→ **Given information**:

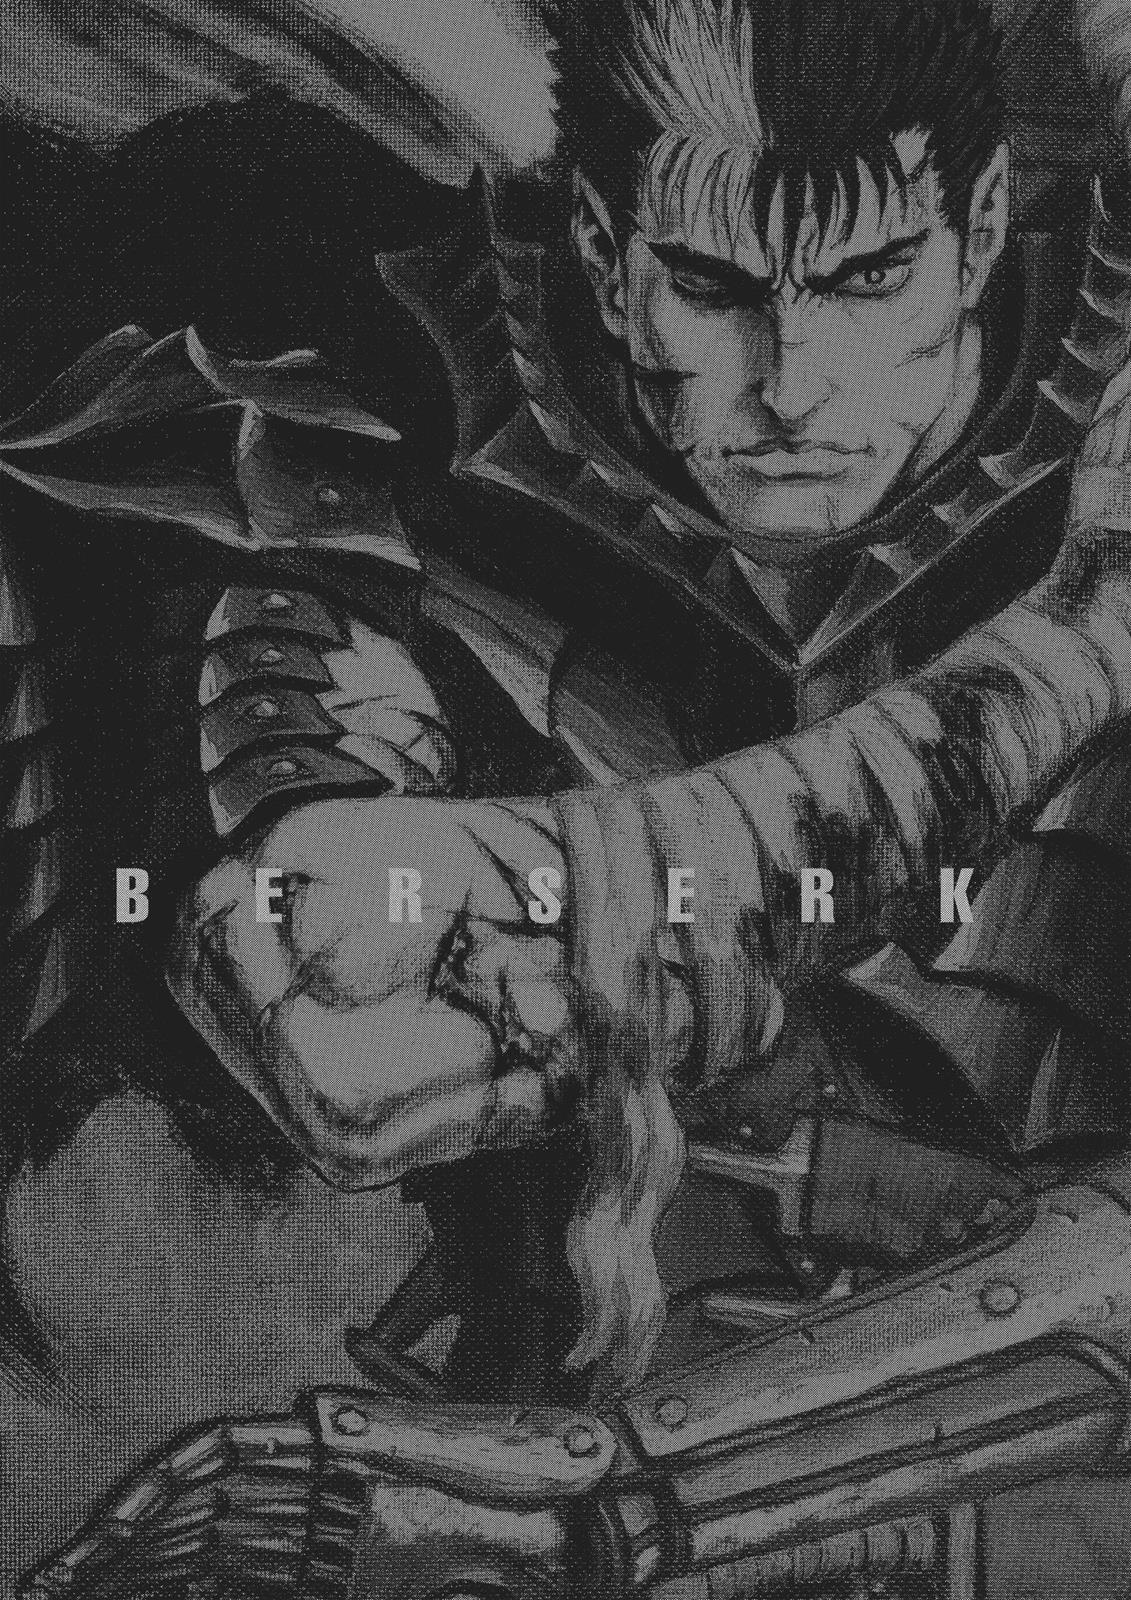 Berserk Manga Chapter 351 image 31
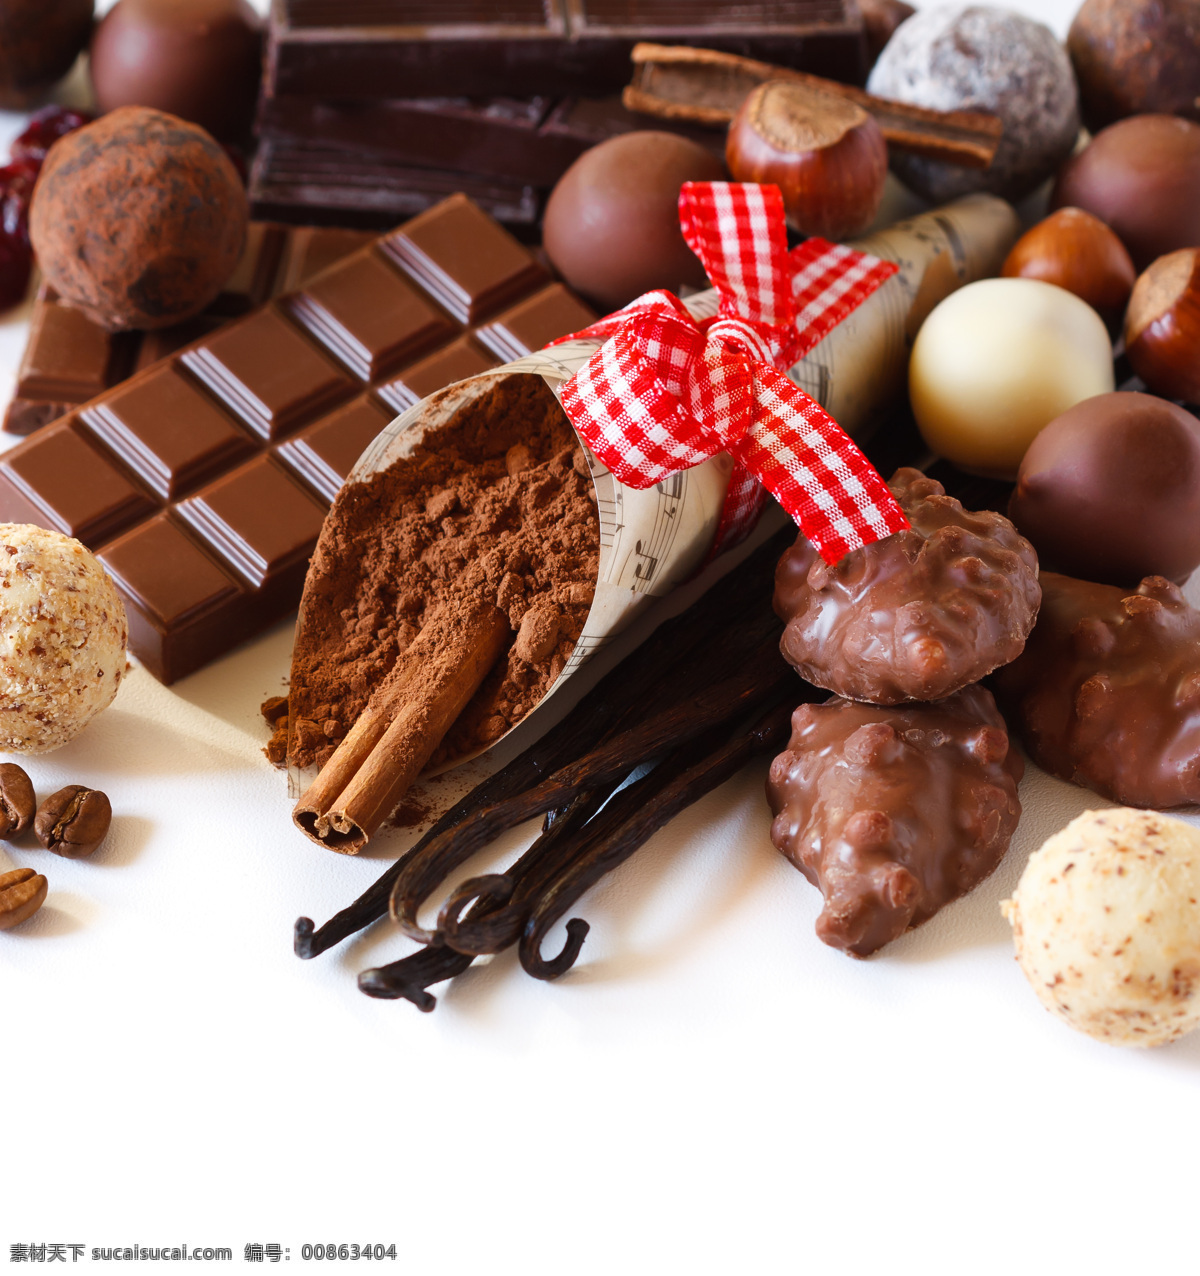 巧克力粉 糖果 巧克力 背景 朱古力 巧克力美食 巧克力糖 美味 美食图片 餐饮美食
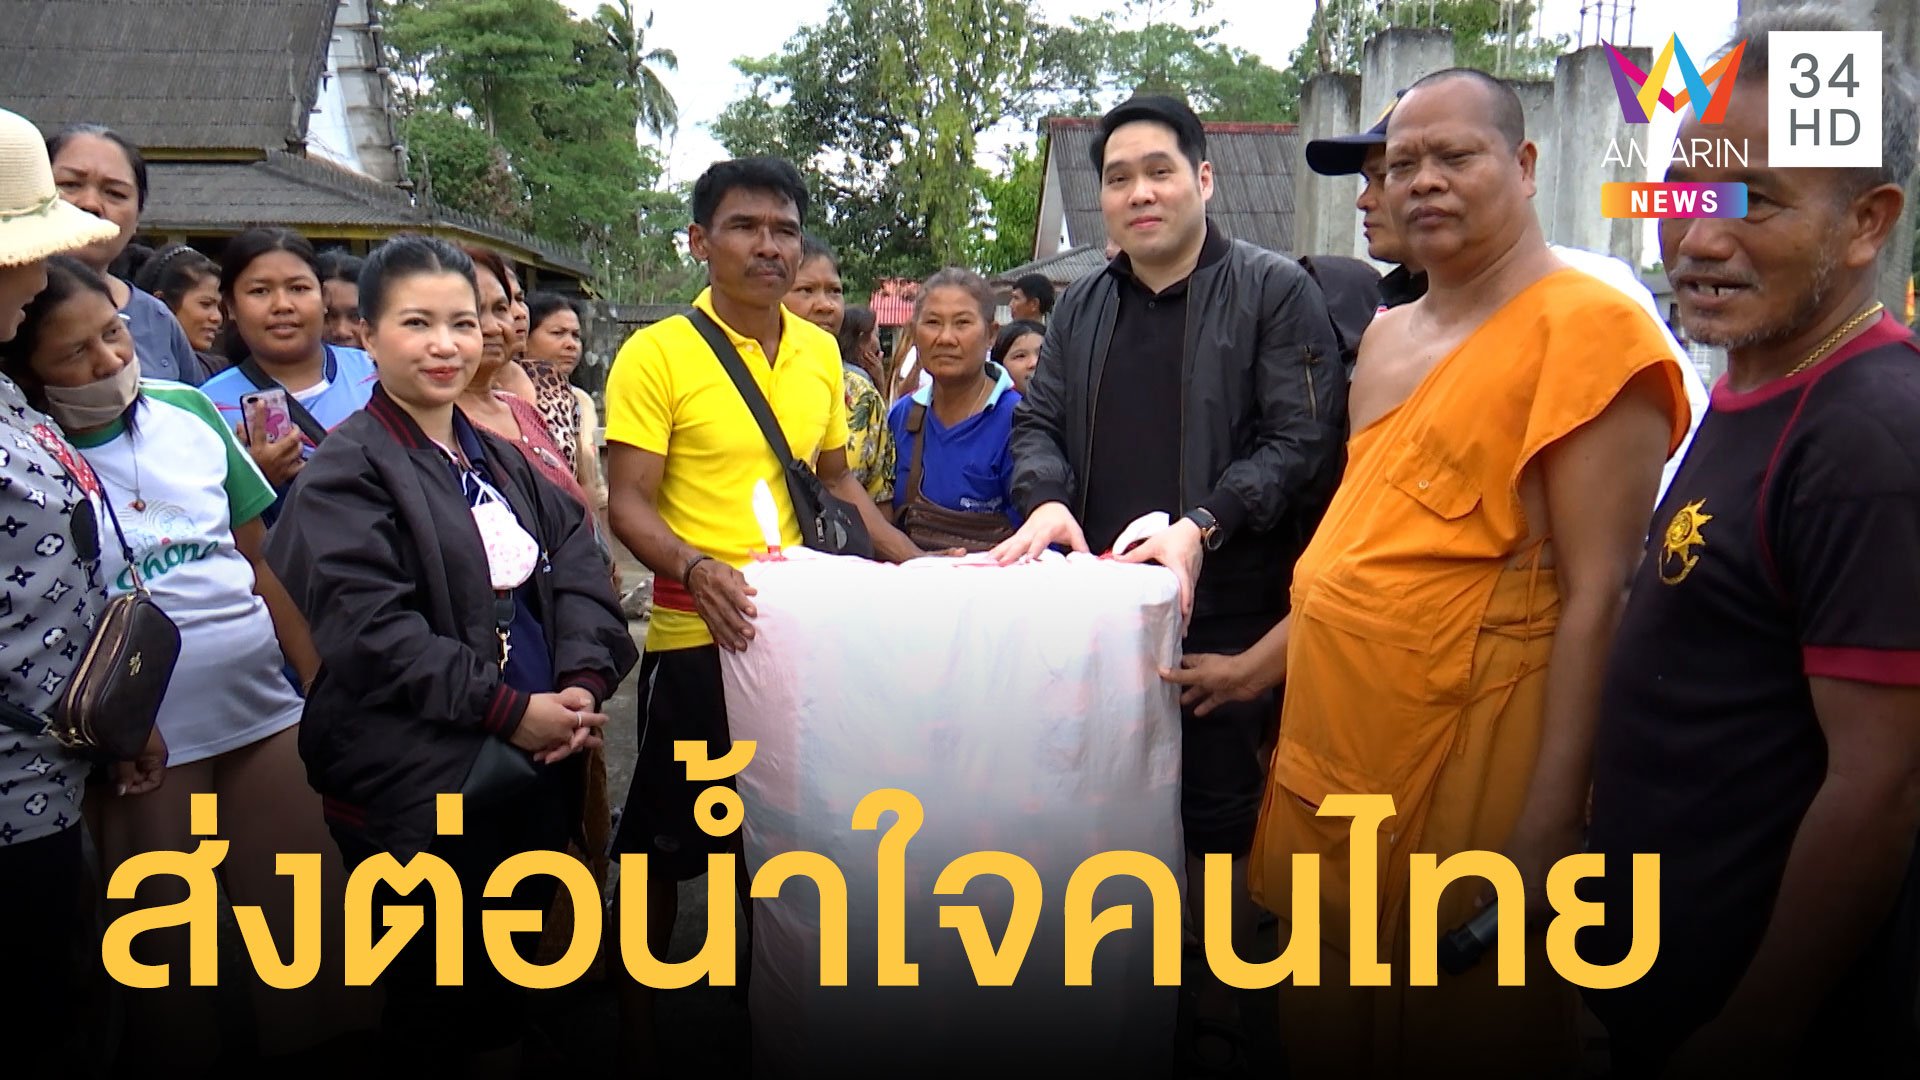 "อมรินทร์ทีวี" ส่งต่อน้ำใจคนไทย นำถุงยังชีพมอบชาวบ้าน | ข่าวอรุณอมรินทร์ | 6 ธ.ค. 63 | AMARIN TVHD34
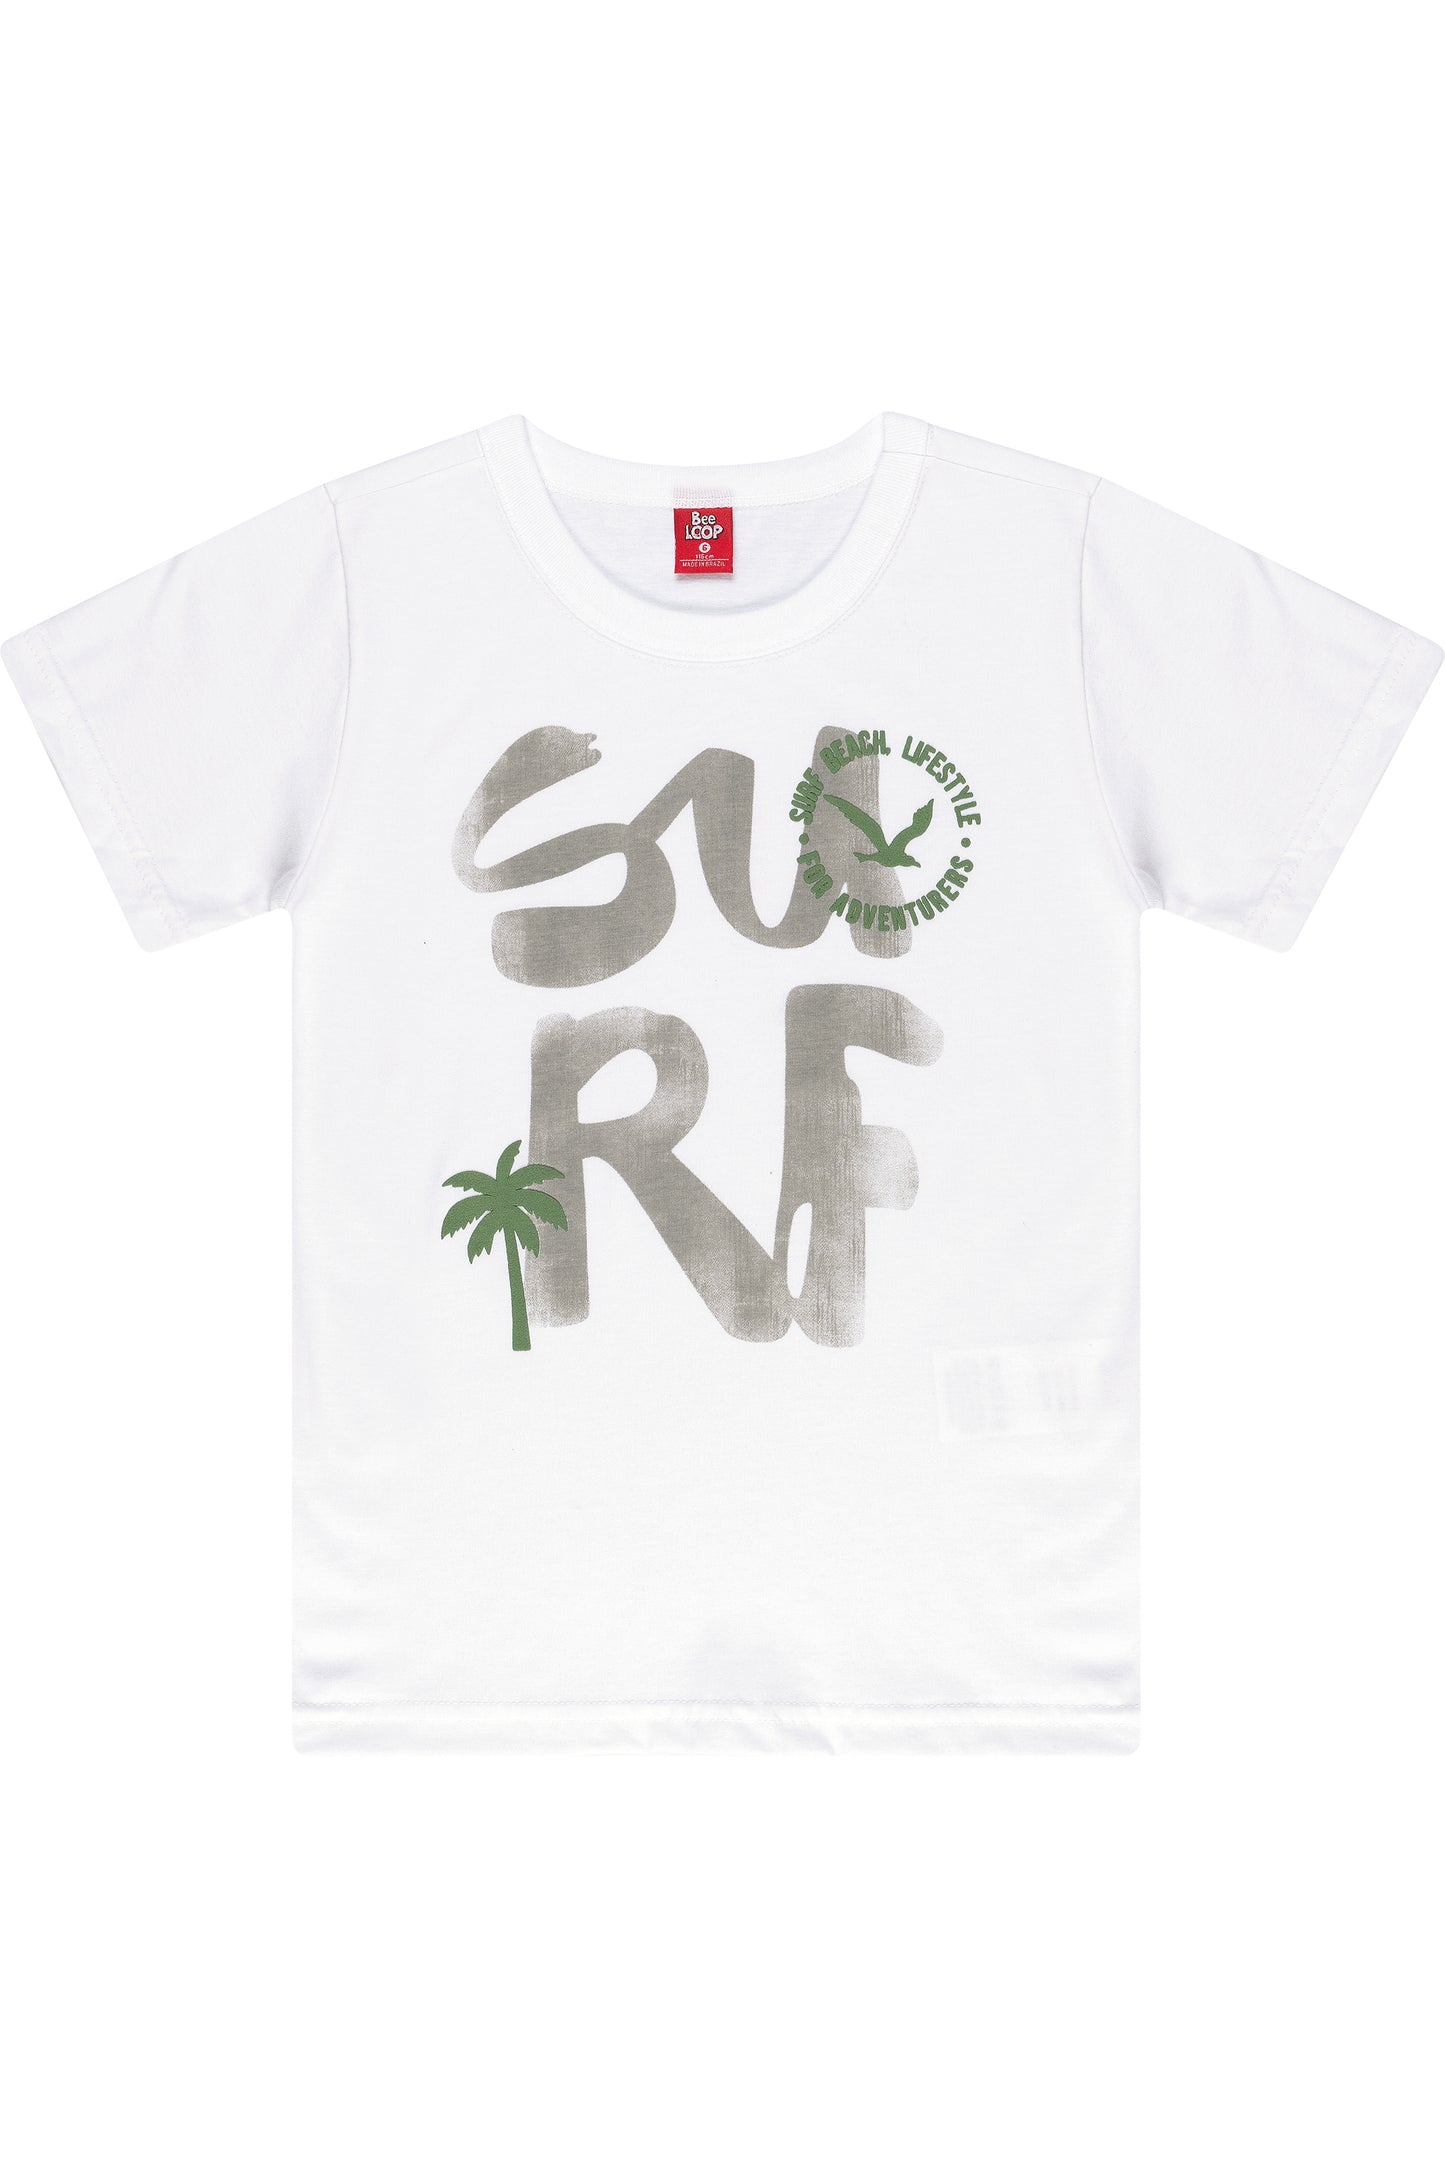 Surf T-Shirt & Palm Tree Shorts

→ **Assigned task**: Set down exactly, from the line that contains "63 | AMARIN TVHD34" through the last line of the data, each line as it stands, and leave the pictures out.

→ **Answer to this problem**:
 "อมรินทร์ทีวี" ส่งต่อน้ำใจคนไทย นำถุงยังชีพมอบชาวบ้าน | ข่าวอรุณอมรินทร์ | 6 ธ.ค. 63 | AMARIN TVHD34
 Surf T-Shirt & Palm Tree Shorts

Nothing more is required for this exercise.